The point of having a team is to divide the work among a variety of people who have different strengths. Some are good at web design, while others are good at networking and public relations, and still others prefer management or financial responsibilities. Having a diverse team allows the company to be strong on all fronts.
“It doesn’t matter what a potential employee’s current occupation is,” said Stephen Hughes of Know Money Inc. “It is their skill set that matters.” He encouraged students to find people who are committed to the good of the company, because those people will work harder and strengthen the company.
5. Never give up your equity.
“One of the things I was most grateful for when I was a CEO was I had no outside investors,” Stritzinger told his audience while talking about his first company. “Getting an investor in your business is the last thing you want to do. Consider it a necessary evil.”
This tip may seem counterintuitive at first. A company cannot start without funding, and investors provide those funds. However, Stritzinger warned students that investors are part-owners, and a part-owner expects to have some say in how the business is run. The more investors you have in your startup or company, the more people you have to keep happy. They will want to know that their money is doing well and will come back to them.
6. Know your mission.
A company runs best when its team members know what they are working toward. “Employees generally don’t know the mission statement of their company,” Stephen Hughes told his audience. “I was in a meeting one time, and the leader asked if any of us knew the company’s mission statement. No one did, so she read it to us. But see, she didn’t know it either, which is why she had to read it. How can you expect your employees to know your mission statement when you as the leader don’t even know it yourself?”
A mission statement does not have to be long or complicated. It simply has to state why the company exists. Having a mission provides the company a guide in difficult situations or when making tough choices. Austin Price told his audience that the company must emphasize its “why” and “how,” or in other words, its reason for being there and how it intends to fill its role.

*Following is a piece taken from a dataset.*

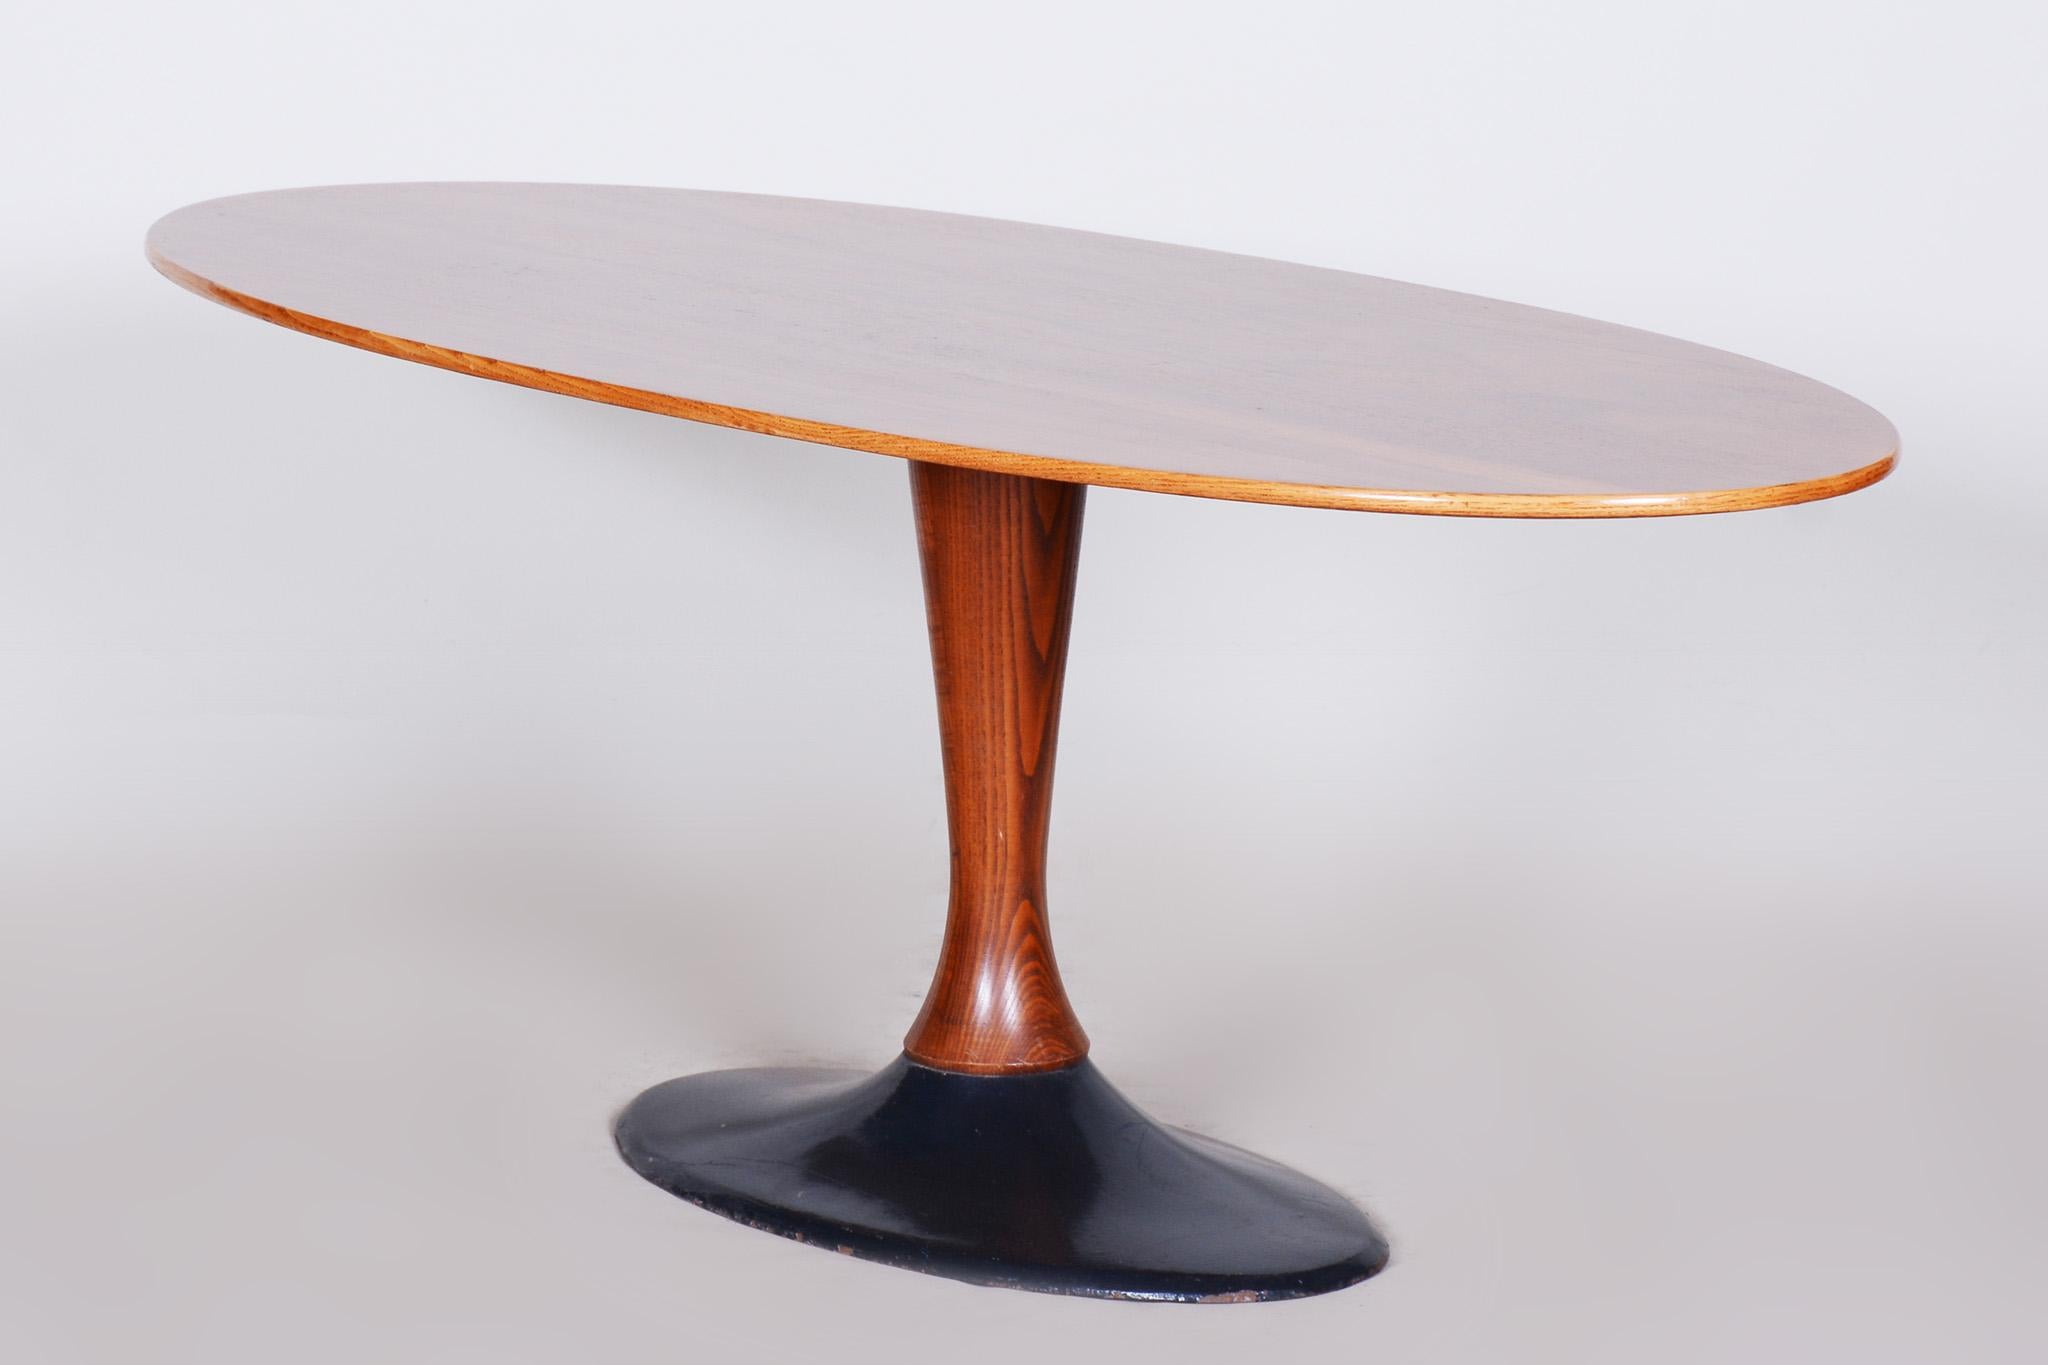 Czech Mid-Century Rosewood Oval Table with Cast Iron Base, 1950s For Sale 2
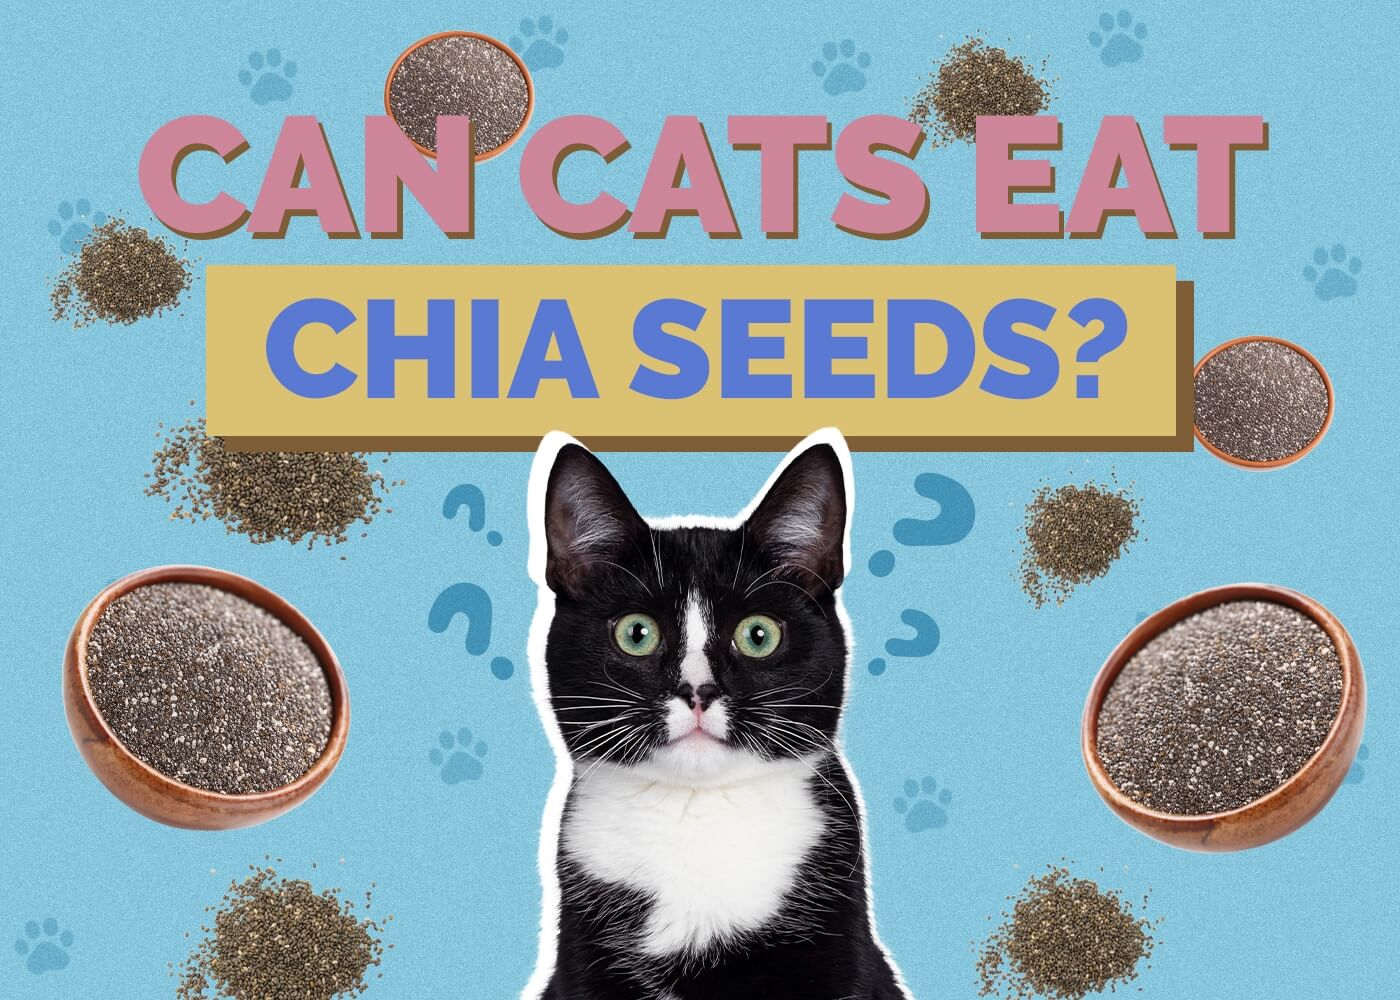 Can Cats Eat Chia Seeds

The “what,” or the product, comes from that.
7. Remember that the greatest businesses come from a solution, not an idea.
At the end of the day, businesses provide products and services for customers, so to be successful, they must know the needs of their customers and provide something that fills the need. “You may think your idea is great, but that isn’t what matters,” Trey Gordon told his audience. “You must make sure you are satisfying the needs of your customers.” Austin Price mirrored Gordon’s thoughts, telling students, “make your business more about the problem you’re going to solve.”